С этими словами он впился в тело девочки зубами и начал кусать его; снова потекла кровь, а после одного, особенно удачного укуса ее левая грудь осталась без соска, и, блаженно улыбаясь, злодей проглотил его. На короткое время он сунул свой член в ее задний проход, затем вытащил, взял в руку внушительную колотушку Делькура и направил ее в освободившееся отверстие.

— Палач обязан совокупиться со своей жертвой, — важно сказал он. — Этого требует протокол.

Пока Делькур исполнял то, что требовал протокол, Сен‑Фон ногтями царапал и рвал детские ягодицы, бедра, груди и слизывал струившуюся по ее телу кровь. Потом подтащил к себе Пальмиру, к которой, очевидно, питал особую слабость, и сказал ей:

— Смотри, смотри, как я обращаюсь с маленькими девочками, когда они возбуждают меня.

Не успев произнести последнее слово, он проник в ее анус и после нескольких мощных толчков уложил ее в кресло, чтобы лучше видеть ягодицы девушки, в такую же позу встала Делия; трое обреченных девочек опустились перед ним на колени полукругом, и он принялся терзать их, поручив Блезине целовать свой член. Он втыкал булавки в почти детские тела несчастных, резал их перочинным ножиком и тут же вонзал дымящееся от крови лезвие еще глубже и расковыривал рану. А я? Я занималась тем, что поддерживала его возбуждение на должном уровне, приняв, по его указанию, член Делькура в свое чрево и массируя в каждой руке по лакейскому члену. Министр, завершив этот эпизод, связал всех троих коленопреклоненных жертв веревкой спиной друг к другу и, выбрав плеть с заостренными железными наконечниками, превратил в кровавую массу детские груди; после этой вакханалии он прижался лицом к ягодицам Пальмиры и долго сосал отверстие, чтобы восстановить силы.

— Ну довольно развлекаться, — сказал он, поднимаясь на ноги, — пора переходить к главному. Сейчас займемся поркой для начала.

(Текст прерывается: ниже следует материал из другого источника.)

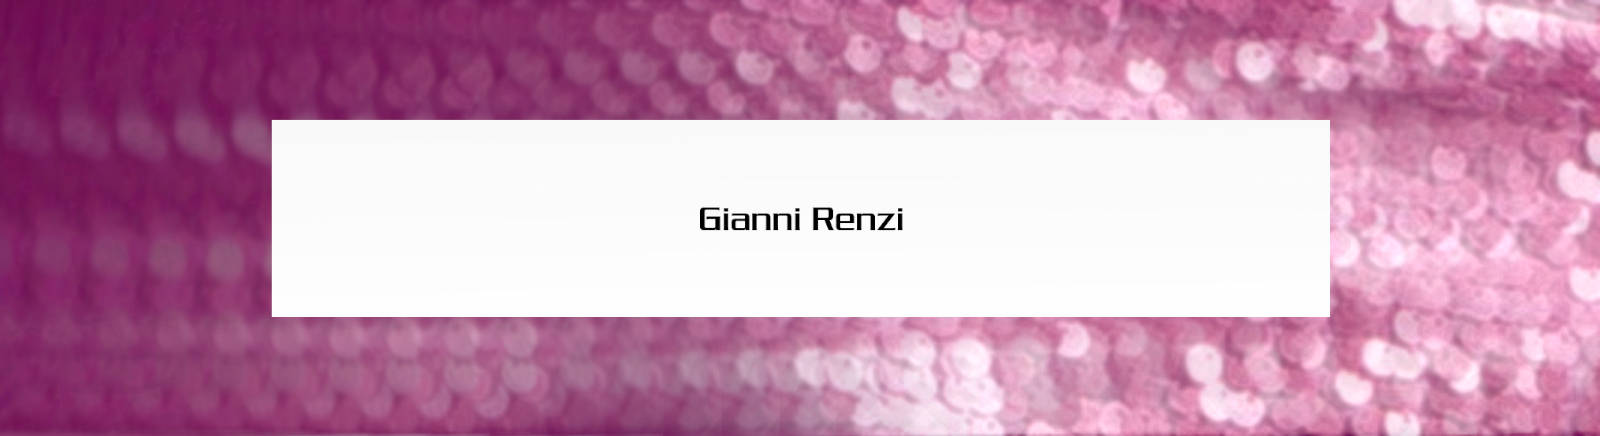 Prange: Gianni Renzi Sneaker für Damen kaufen online shoppen

Семерых женщин — меня оставили в покое — привязали к специально сооруженным столбам, каждая держала в поднятой руке распятие, на таких же распятиях, лежавших на полу, стояли четверо лесбиянок и с явным удовольствием попирали их ногами; троих жертв поставили на утыканные гвоздями доски, которые немилосердно терзали им ступни. Груди их туго опоясали ремнями, поначалу сырыми, которые по мере высыхания все сильнее сдавливали их; на голову каждой водрузили хитроумный агрегат с винтовым механизмом, посредством которого Сен‑Фон, вращая ручку, мог опускать находящийся внутри тонкий, остро заточенный стержень и вдавливать его на нужную глубину в череп бедной девочки; другое орудие, напоминавшее большую вилку с двумя зубьями, также очень острыми — их проверил сам министр, — было укреплено перед глазами каждой, а еще один острый стержень упирался им в пупок на тот случай, если, не выдержав ударов кнута, они вздумают наклониться вперед. Возле каждой жертвы стояла лесбиянка, которая, разумеется, была избавлена от этих обременительных доспехов.

Первым делом Сен‑Фон использовал розги, которые подал ему Делькур: каждой из девочек выдал по сотне ударов, а каждой лесбиянке — пятьдесят. Во втором эпизоде вступила в действие плеть с множеством хвостов, увенчанных железными наконечниками: жертва получила двести ударов, лесбиянка довольствовалась двенадцатью. Вслед за тем Сен‑Фон начал крутить ручку закрепленных на голове механизмов, и бедные, окованные острым железом, дети ответили таким надсадным воплем, который мог растопить сердце любого человека, сделанное не из столь прочного материала, как наше. Почувствовав небывалый подъем в чреслах, где вскипала его готовая излиться сперма, Сен‑Фон поспешно схватил Луизу — шестнадцатилетнюю Луизу, которую он первой намеревался предать казни. Долго, бесконечно долго, он целовал, облизывал и ласкал ее кровоточащий зад, совал ей в рот свой член и заставлял целовать анус, потом передал ее Делькуру, который вначале обследовал своим копьем оба ее отверстия, после чего прикрепил ее к длинному столу и подвергнул той знаменитой китайской пытке, состоящей в том, что человека заживо кромсают на двадцать четыре тысячи кусочков по нескольку сантиметров каждый. Сен‑Фон, сидя на коленях у лакея, вернее на его колу, наблюдал это ужасное зрелище и, стискивая бедрами Елену, следующую свою жертву, с восторгом рвал ногтями ее ягодицы и впивался языком в рот Пальмиры, предоставив мне ласкать свой член. Пытка, через которую прошла вторая жертва, заключалась в следующем: ей вырвали глаза и, распятую на кресте, раздробили заживо тяжелыми железными инструментами. Сен‑Фон принял деятельное участие в этой операции, и я, в который уже раз, порола его розгами. С переломанными членами и вывернутыми суставами девочку вновь поднесли к нему, и во время акта содомии Делькур прикончил ее деревянным молотком, вышибив из нее мозги, и они забрызгали лицо Сен‑Фону.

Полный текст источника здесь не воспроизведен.